In his eulogy to Former President Nelson Mandela, US President Barack Obama said the following of Nelson Mandela: “he would erect a constitutional order to preserve freedom for future generations…a commitment to democracy and rule of law ratified not only by his election, but by his willingness to step down from power after only one term …Mandela demonstrated that action and ideas are not enough. No matter how right, they must be chiseled into law and institutions”. In an earlier visit to South Africa, addressing young people at a University Hall in Soweto Obama also said that “Africa should now focus on building institutions of leadership” than persons in leadership positions.
In this quotation, Obama confirms the centrality of institution building and respect in state formation. In positioning Nelson Mandela as the symbol of South Africa’s resolve to establish institutions that will undergird its democracy, Obama foregrounds that ‘action and ideas are not enough…unless they are chiseled into law and housed in institutions’ of leadership. Such institutions become a critical link between civil society aspirations and party political ideology.

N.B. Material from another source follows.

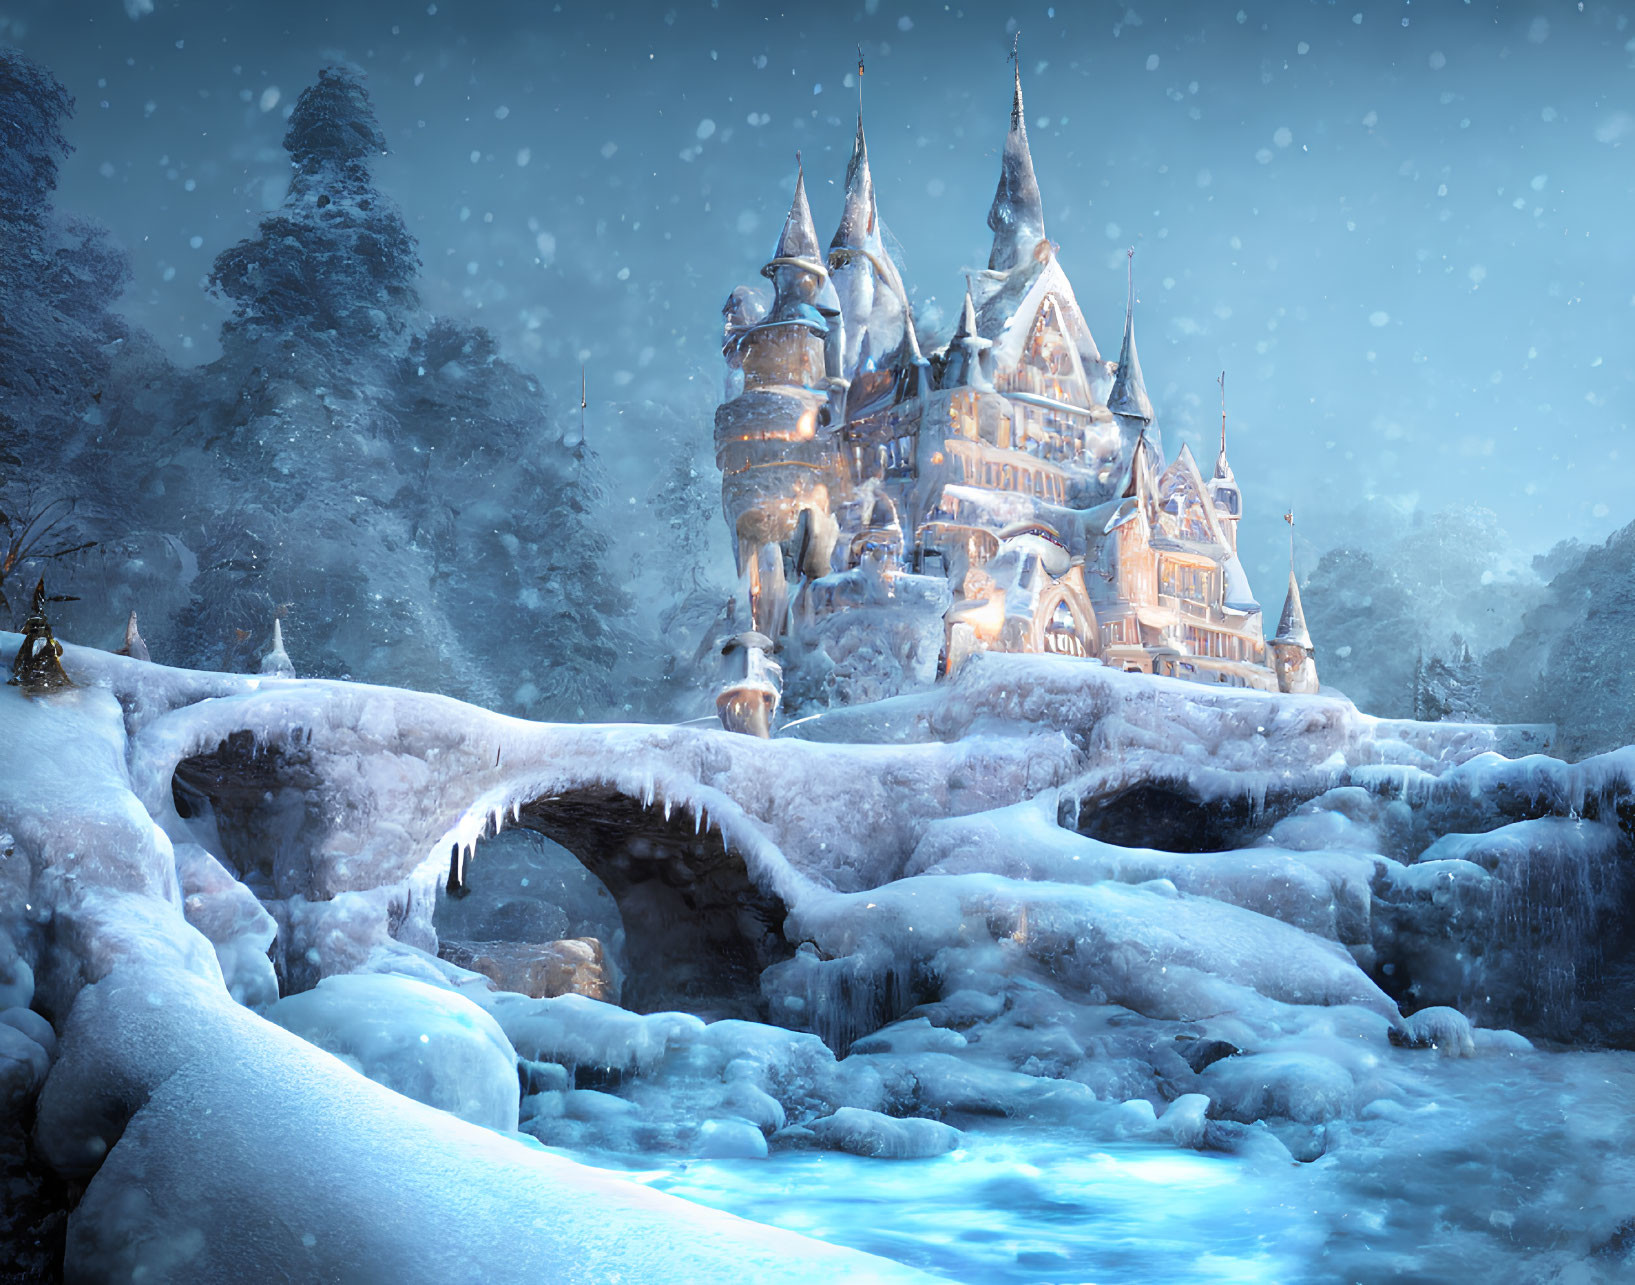 Snow-covered castle, stone bridge, falling snowflakes - Magical winter scene

The fight for a democratic South Africa in which all are not only equal before the law but are guaranteed protection against the possibility of such an equality being systematically eroded through executive action or equivalent, would have been incomplete without institutionalized checks and balances. The idea of freedom from apartheid and colonialism would be incomplete unless it was or is institutionalized to prevent a future resurgence of an equivalent, however disguised.
The Constitution drafters, predominated by a near 75% majority of anti-apartheid forces, arguably led by the ANC ‘as the dominant liberation movement at that time’, projected a horizon beyond narrow party political interests and anchored the new South Africa on the pillar of Constitutional Democracy mediated through and/or by an independent judiciary.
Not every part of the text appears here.